What I learned working at WormBase / OICR
Three weeks ago, I left the Ontario Institute for Cancer Research (OICR) to join the Mozilla Science Lab. Yesterday would have been my five year work anniversary at OICR. Since I don’t get a plaque now, this seemed like a good time to reflect on what I’ve learned as I begin a new chapter at the Mozilla Science Lab.
Majority of my time at OICR, I served as lead developer on the WormBase project. I learned a lot about software, leading development teams and dealing with biological data; But my biggest takeaways came from watching the interaction between the scientific research community and the web.
Here are three lessons I learned in my five years at WormBase / OICR:
1. A simple web app can have a huge impact on a research community
WormBase is a highly curated biological database for nematode (aka roundworm) research. I worked to make it as easy as possible for researchers to find and consume this information.
It took me a few years to realize how unique WormBase is - an entire research community, spanning several topics, depends on this tool. The information there is vital to getting new students up to speed and it also facilitates insights and new discoveries. Thanks to regular worm meetings, you don’t have the regular barriers between fields within the worm community.

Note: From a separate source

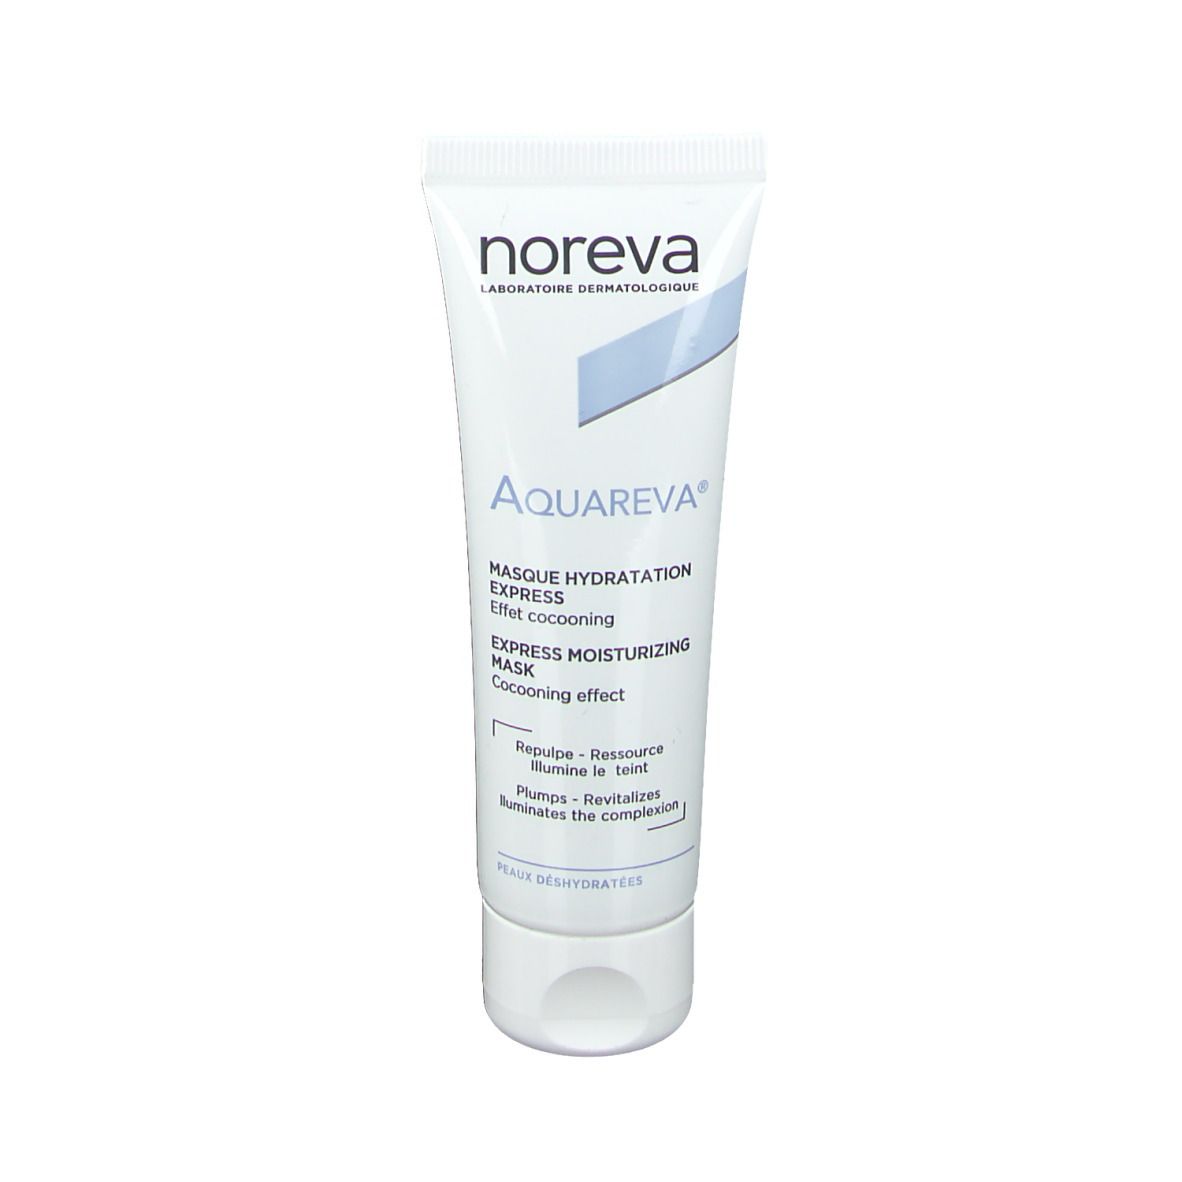 noreva Aquareva® Feuchtigkeitsmaske

WormBase and the worm research community have helped each other grow over the years. Having all this information available has been hugely beneficial to anyone interested in nematodes. I want to see this happening in more areas of science.
2. Open source and open access makes science better
We were able to build WormBase with a small development team by using many open source tools. From the web framework (Catalyst) to bioinformatics tools (GBrowse, Intermine, more), most of WormBase was written by other people. I am grateful that so many bioinformatics research groups have embraced open source and given us tools that make the web useful for science.
OICR has some great champions for open source and open access in the research community. They understand that the best ideas don’t always come to the people who have access to resources today. Working beside these giants, it’s easy to imagine a world where any researcher - even the lowly undergrad - has access to tools and data to help make discoveries and further science.
3. Doing this right is hard. We need to communicate
Mistakes are made. Development resources and talent aren’t always available in the research world. Barriers to access range from technical to legal to personal. I don’t always understand what a worm researcher (or any researcher!) is looking for.
I want to see this all work - I want more discoveries, more tools and more science. But I’ve learned that this takes a lot of communication to do properly. WormBase is a huge team with even more stakeholders. It works because they know and are involved in their community; They understand what they can do to help.
By contrast, I’m joining a team that serves a much larger research community (i.e. the whole research community) that I personally don’t fully understand. I am so thankful that Mozilla Science Lab is full of volunteers spanning a wide set of research fields. Together, we can understand this space and help research thrive on the open web.